Social networks were abuzz, with many ridiculing the Kremlin strongman and some comparing him to Robert Mugabe, the ousted leader of Zimbabwe.

"Vladimir Vladimirovich has decided to play the old Russian game dubbed 'Out of the Kremlin feet first,'" said one critic, Aleksandr Kommari, on Facebook.

Muscovite Kirill Goncharov said he went to school and graduated from university under Putin.

"Time -- the most important thing every person has -- will be wasted on Vladimir Putin realising his personal ambitions," he said on Facebook.

Putin's statement came as Russia reeled from a decision by the International Olympic Committee to ban the country from the Winter Games as punishment over claims of state-orchestrated doping.

But despite a litany of problems including corruption, poverty and poor healthcare, the 65-year-old leader enjoys approval ratings of 80 percent.

Just hours earlier Putin visited a glitzy ceremony for volunteers in Moscow where he sought to rouse supporters.

"I want to ask, do you trust and support me?" he addressed the huge audience of mostly young people. "Yes," the audience chanted. 

Prominent athletes and Soviet-era celebrities such as 83-year-old actor Vasily Lanovoi, took to the stage to extol Russian successes, such as Soviet victory in World War II.

Cosmonaut Sergei Ryazansky addressed the audience via video link from the International Space Station.

Putin first became president after Boris Yeltsin sensationally resigned on New Year's Eve 1999. At the end of his second term in 2008 he handed power to his protege Medvedev.

Putin then served a term as prime minister -- although few doubted who was really in charge -- and returned as president in 2012.
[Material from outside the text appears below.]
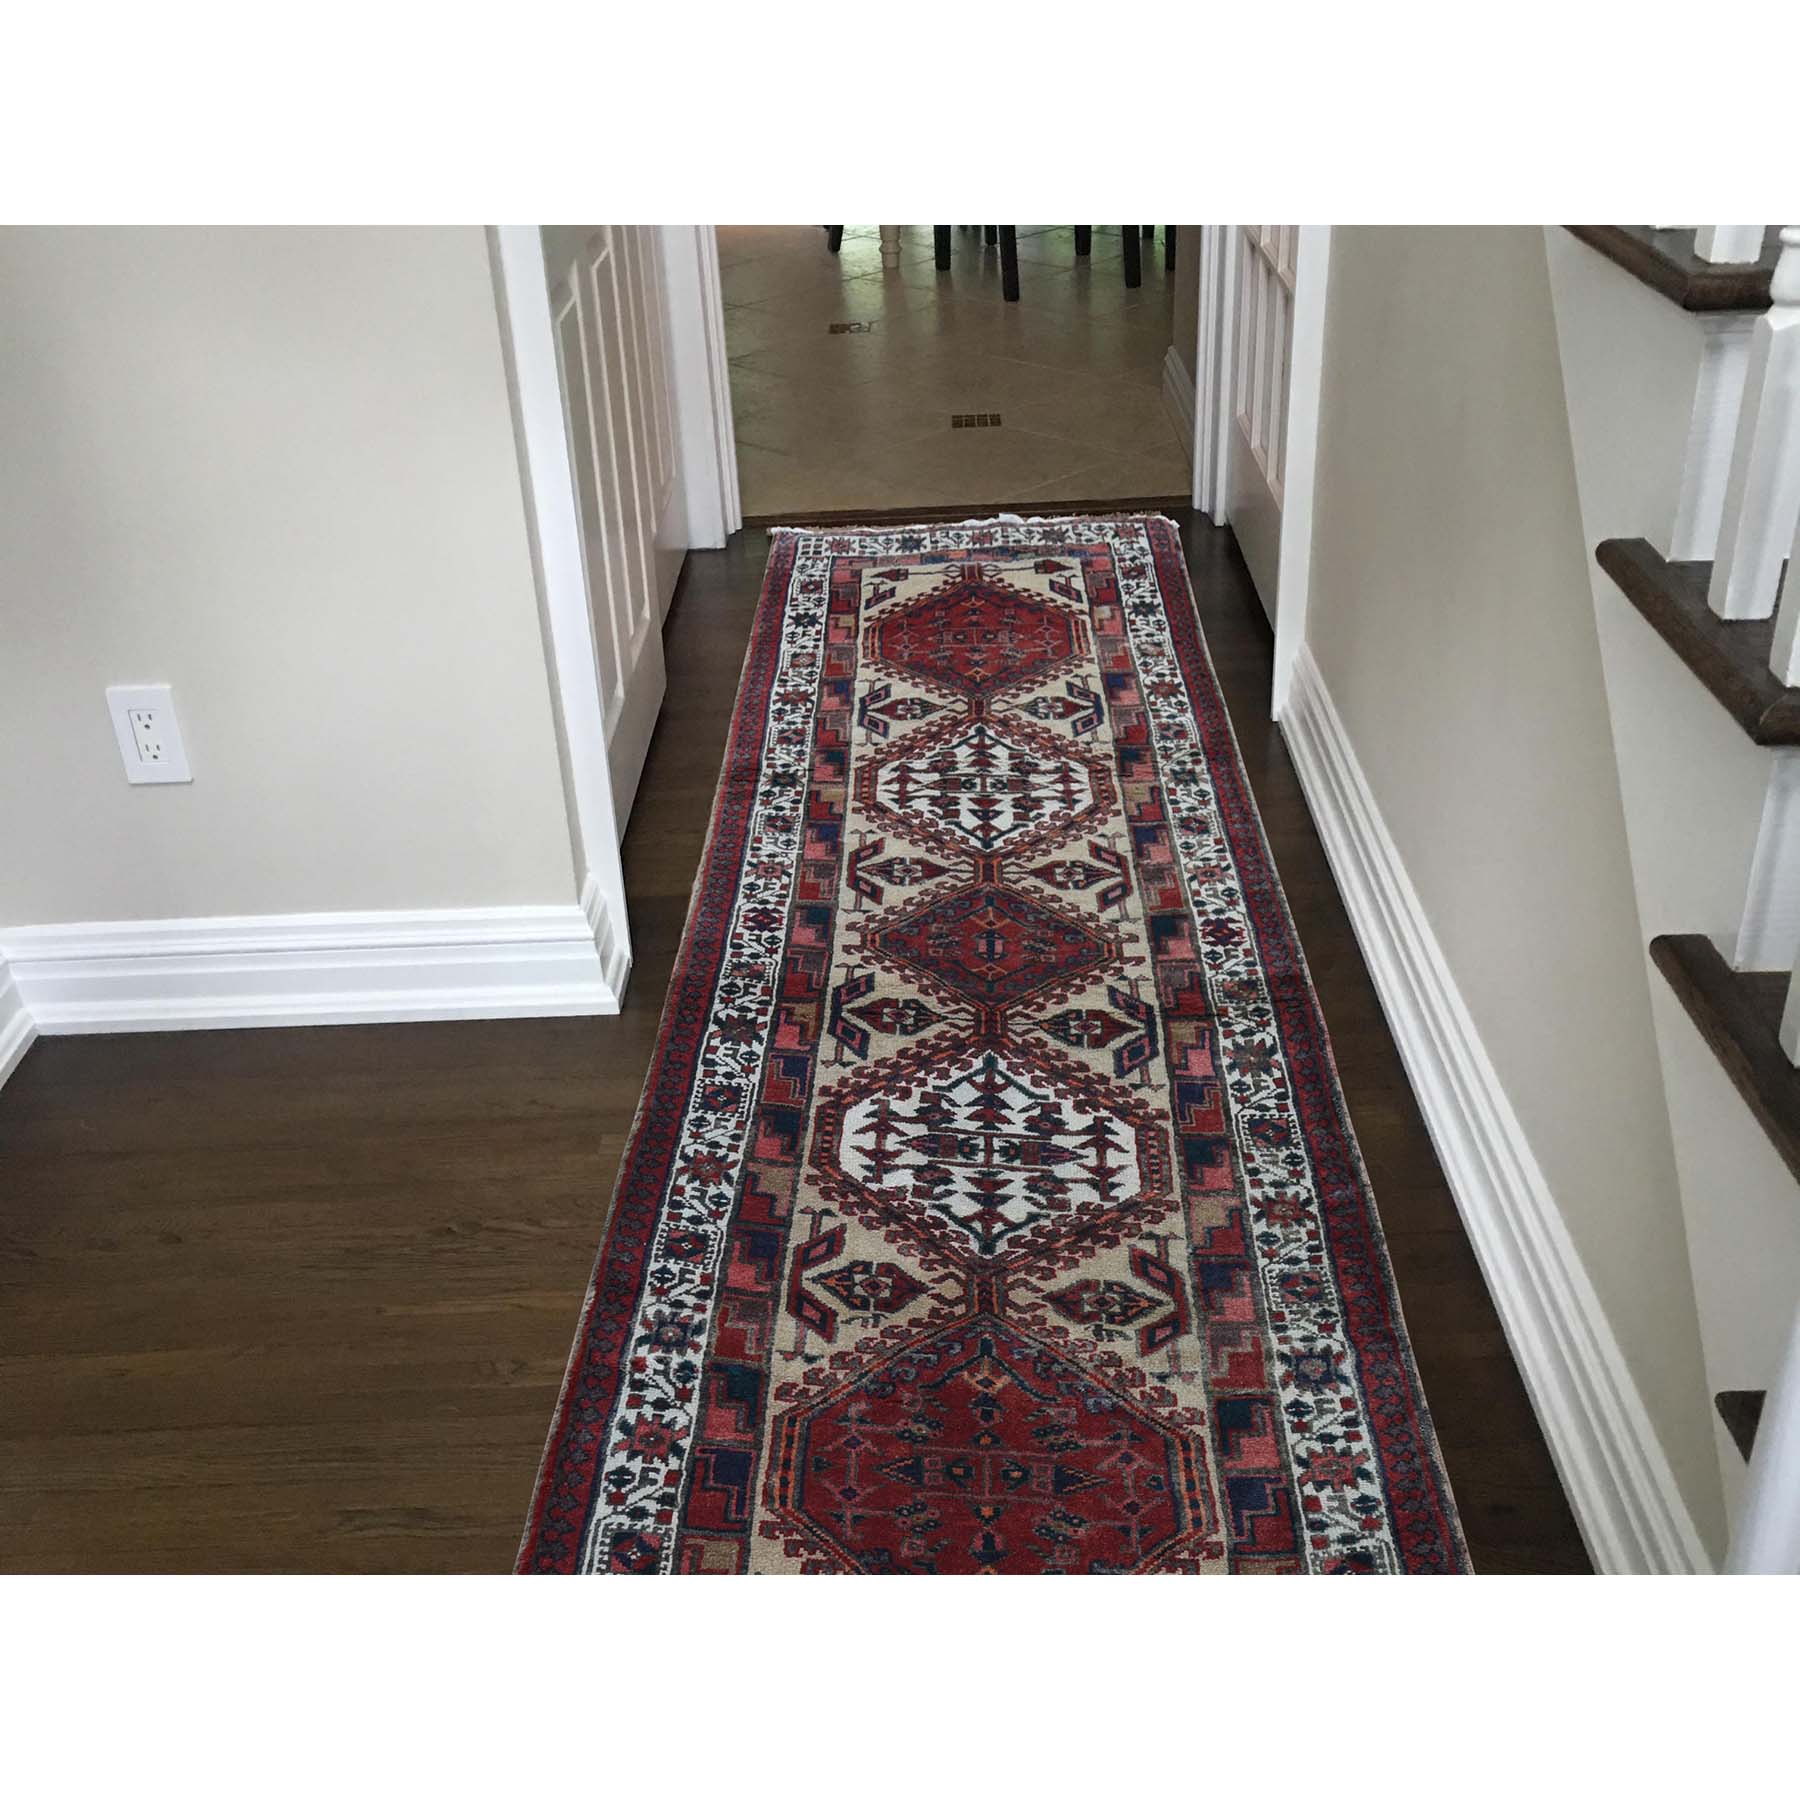 3-5 x10-5  Pure Wool Semi Antique Persian Serab Wide Runner Hand-Knotted Oriental Rug 
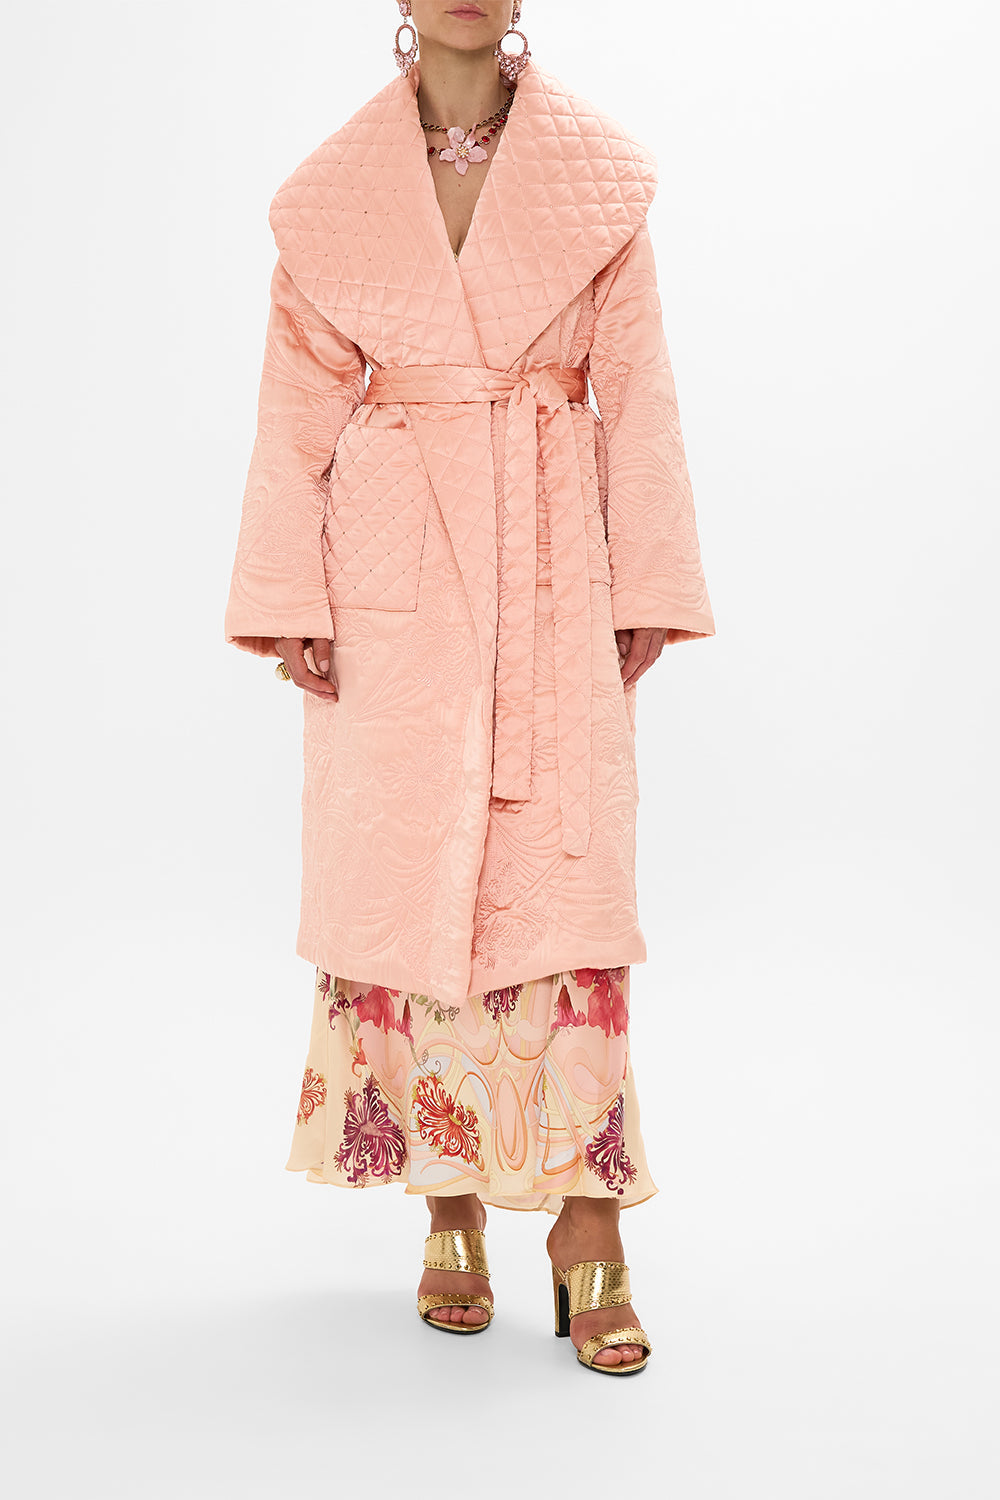 CAMILLA Floral Quilted Long Wrap Coat in Blossoms and Brushstrokes

If he extends his rule to 2024, Putin will have led Russia longer than Leonid Brezhnev, who presided over an era of stagnation from 1964 to 1982 and became the target of derision in his later years.

Some analysts say that after 18 years of leadership -- both as president and prime minister -- Putin fatigue may be spreading across the country.

Many Russians say they would vote for Putin simply because they do not see an alternative, given the former KGB officer's chokehold on domestic politics.

But what comes after Putin's expected re-election and later, after his new term ends in 2024, is the bigger question, analysts say.

"The main intrigue is, what will happen after 2018, how the configuration of power will be changing," Tatyana Stanovaya, a Paris-based analyst for the Centre of Political Technologies in Moscow, told AFP.